Conformal inference for regression on Riemannian Manifolds
This work addresses the need for reliable uncertainty quantification in regression for non-Euclidean data, such as circular or covariance matrix data, which is incremental as it extends existing conformal inference methods to manifolds.
The paper tackles the problem of constructing prediction sets for regression when the response variable lies on a Riemannian manifold, extending conformal inference to this non-Euclidean context, and demonstrates its efficiency through simulations and real-world data analysis.

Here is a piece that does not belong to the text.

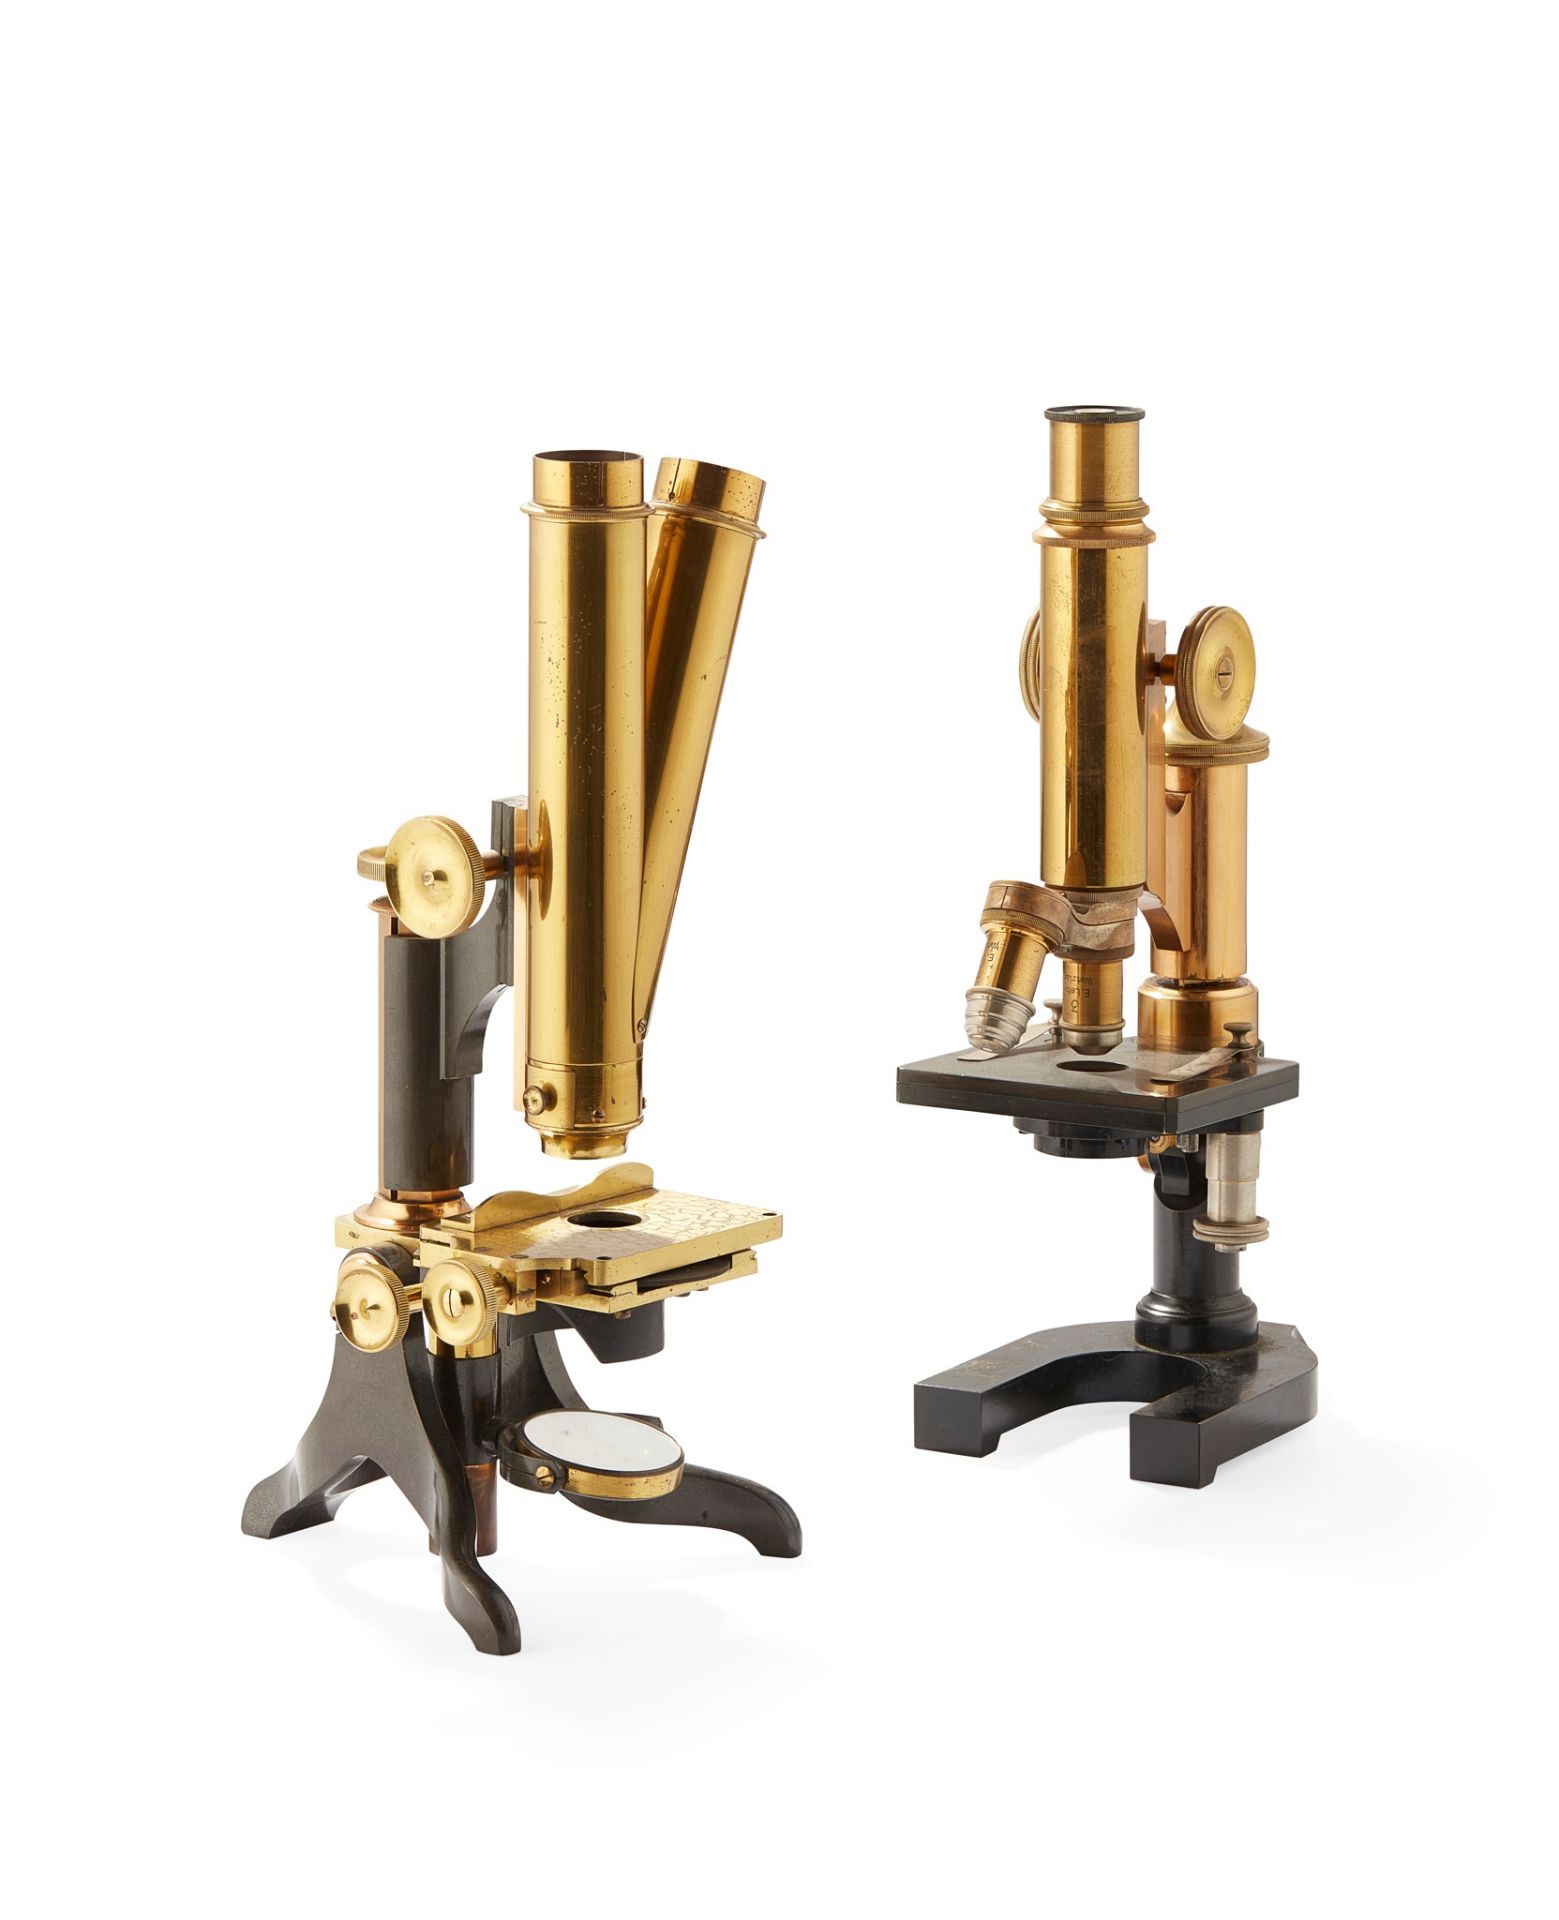 A COMPOUND MONOCULAR MICROSCOPE BY J. BROWN, GLASGOW LATE 19TH CENTURY - Image 2 of 2

Regression on manifolds, and, more broadly, statistics on manifolds, has garnered significant importance in recent years due to the vast number of applications for non Euclidean data. Circular data is a classic example, but so is data in the space of covariance matrices, data on the Grassmannian manifold obtained as a result of principal component analysis, among many others. In this work we investigate prediction sets for regression scenarios when the response variable, denoted by $Y$, resides in a manifold, and the covariable, denoted by $X$, lies in an Euclidean space. This extends the concepts delineated in \cite{waser14} to this novel context. Aligning with traditional principles in conformal inference, these prediction sets are distribution-free, indicating that no specific assumptions are imposed on the joint distribution of $(X,Y)$, and they maintain a non-parametric character. We prove the asymptotic almost sure convergence of the empirical version of these regions on the manifold to their population counterparts. The efficiency of this method is shown through a comprehensive simulation study and an analysis involving real-world data.